1 files changed, 30 insertions, 9 deletions
diff --git a/clang/lib/Lex/LiteralSupport.cpp b/clang/lib/Lex/LiteralSupport.cpp
index fb543d0f03b..9b7c46f0911 100644
--- a/clang/lib/Lex/LiteralSupport.cpp
+++ b/clang/lib/Lex/LiteralSupport.cpp
@@ -172,8 +172,8 @@ static void ProcessUCNEscape(const char *&ThisTokBuf, const char *ThisTokEnd,
                              SourceLocation Loc, Preprocessor &PP,
                              bool wide,
                              bool Complain) {
-  // FIXME: Add a warning - UCN's are only valid in C++ & C99.
-  // FIXME: Handle wide strings.
+  if (!PP.getLangOptions().CPlusPlus && !PP.getLangOptions().C99)
+    PP.Diag(Loc, diag::warn_ucn_not_valid_in_c89);
 
   // Save the beginning of the string (for error diagnostics).

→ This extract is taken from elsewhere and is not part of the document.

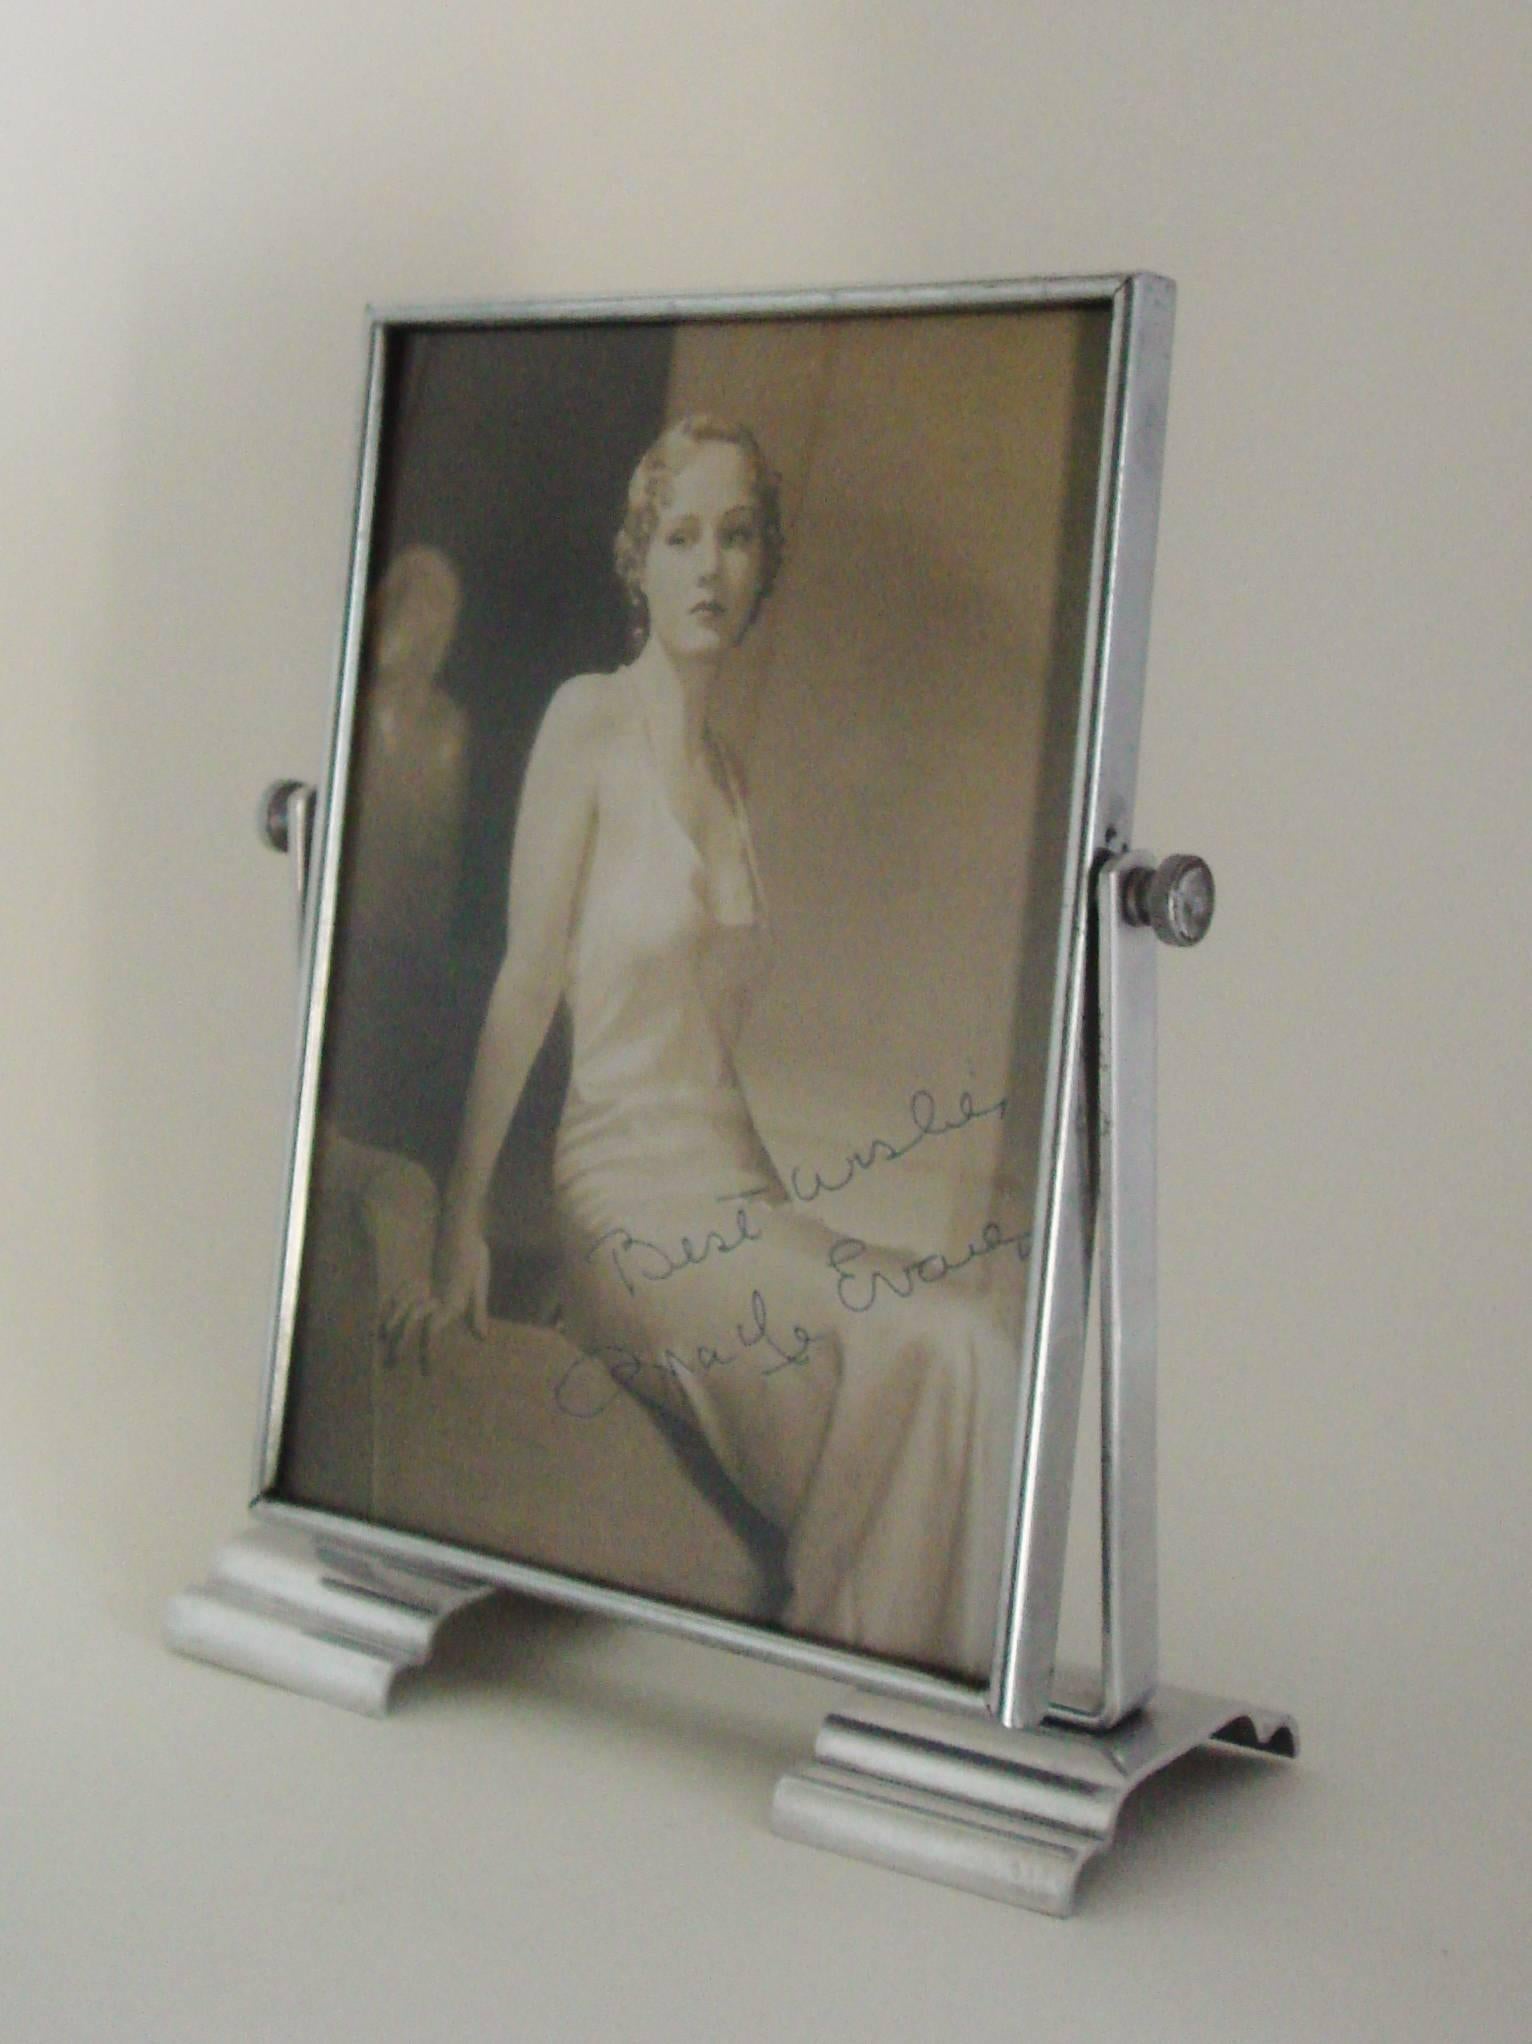 This English Art Deco adjustable photo frame features a polished aluminum base and bracket that holds a chrome-plated picture frame (8 in x 6 in image area). It stands on two polished chrome wave-form feet and has chrome bosses on either side with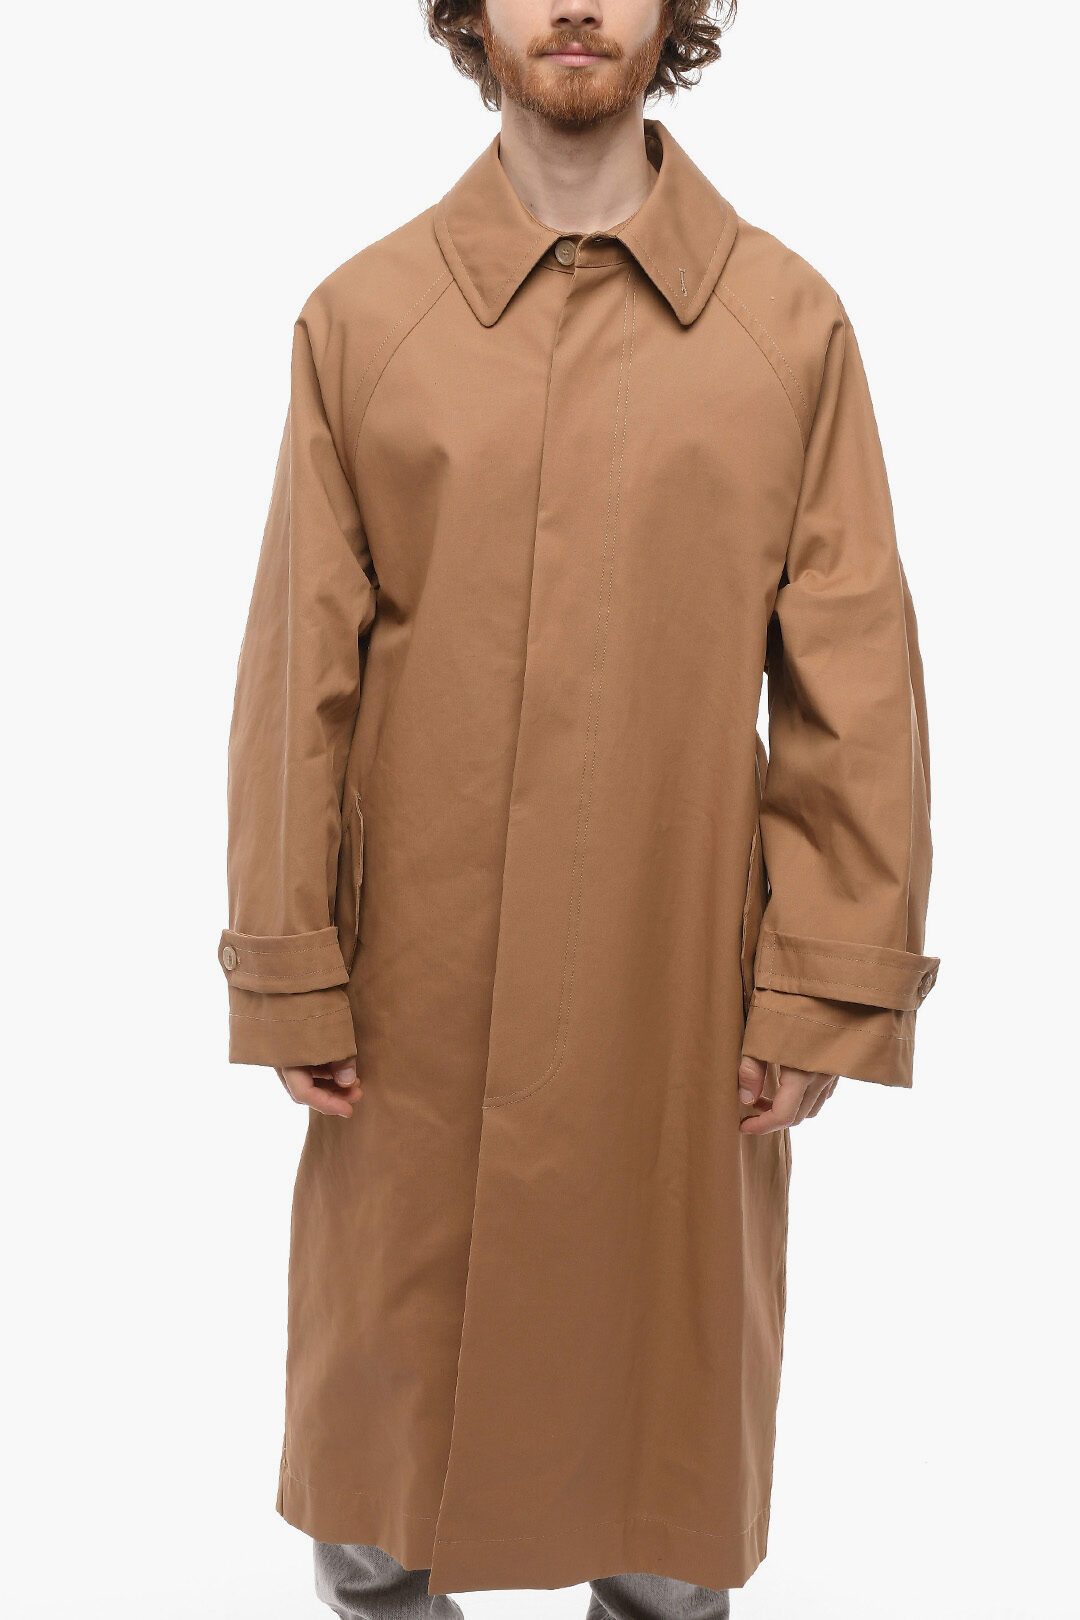 Hed Mayner Coated Cotton Trench Coat with Flap Pockets men

   const char *ThisTokBegin = ThisTokBuf;
@@ -218,13 +218,34 @@ static void ProcessUCNEscape(const char *&ThisTokBuf, const char *ThisTokEnd,
   }
   if (wide) {
     (void)UcnLenSave;
-    assert(UcnLenSave == 4 && 
-           "ProcessUCNEscape - only ucn length of 4 supported");
-    // little endian assumed.
-    *ResultBuf++ = (UcnVal & 0x000000FF);
-    *ResultBuf++ = (UcnVal & 0x0000FF00) >> 8;
-    *ResultBuf++ = (UcnVal & 0x00FF0000) >> 16;
-    *ResultBuf++ = (UcnVal & 0xFF000000) >> 24;
+    assert((UcnLenSave == 4 || UcnLenSave == 8) && 
+           "ProcessUCNEscape - only ucn length of 4 or 8 supported");
+
+    if (!PP.getLangOptions().ShortWChar) {
+      // Note: our internal rep of wide char tokens is always little-endian.
+      *ResultBuf++ = (UcnVal & 0x000000FF);
+      *ResultBuf++ = (UcnVal & 0x0000FF00) >> 8;
+      *ResultBuf++ = (UcnVal & 0x00FF0000) >> 16;
+      *ResultBuf++ = (UcnVal & 0xFF000000) >> 24;
+      return;
+    }
+
+    // Convert to UTF16.
+    if (UcnVal < (UTF32)0xFFFF) {
+      *ResultBuf++ = (UcnVal & 0x000000FF);
+      *ResultBuf++ = (UcnVal & 0x0000FF00) >> 8;
+      return;
+    }
+    PP.Diag(Loc, diag::warn_ucn_escape_too_large);
+
+    typedef uint16_t UTF16;
+    UcnVal -= 0x10000;
+    UTF16 surrogate1 = 0xD800 + (UcnVal >> 10);
+    UTF16 surrogate2 = 0xDC00 + (UcnVal & 0x3FF);
+    *ResultBuf++ = (surrogate1 & 0x000000FF);
+    *ResultBuf++ = (surrogate1 & 0x0000FF00) >> 8;
+    *ResultBuf++ = (surrogate2 & 0x000000FF);
+    *ResultBuf++ = (surrogate2 & 0x0000FF00) >> 8;
     return;
   }
   // Now that we've parsed/checked the UCN, we convert from UTF32->UTF8.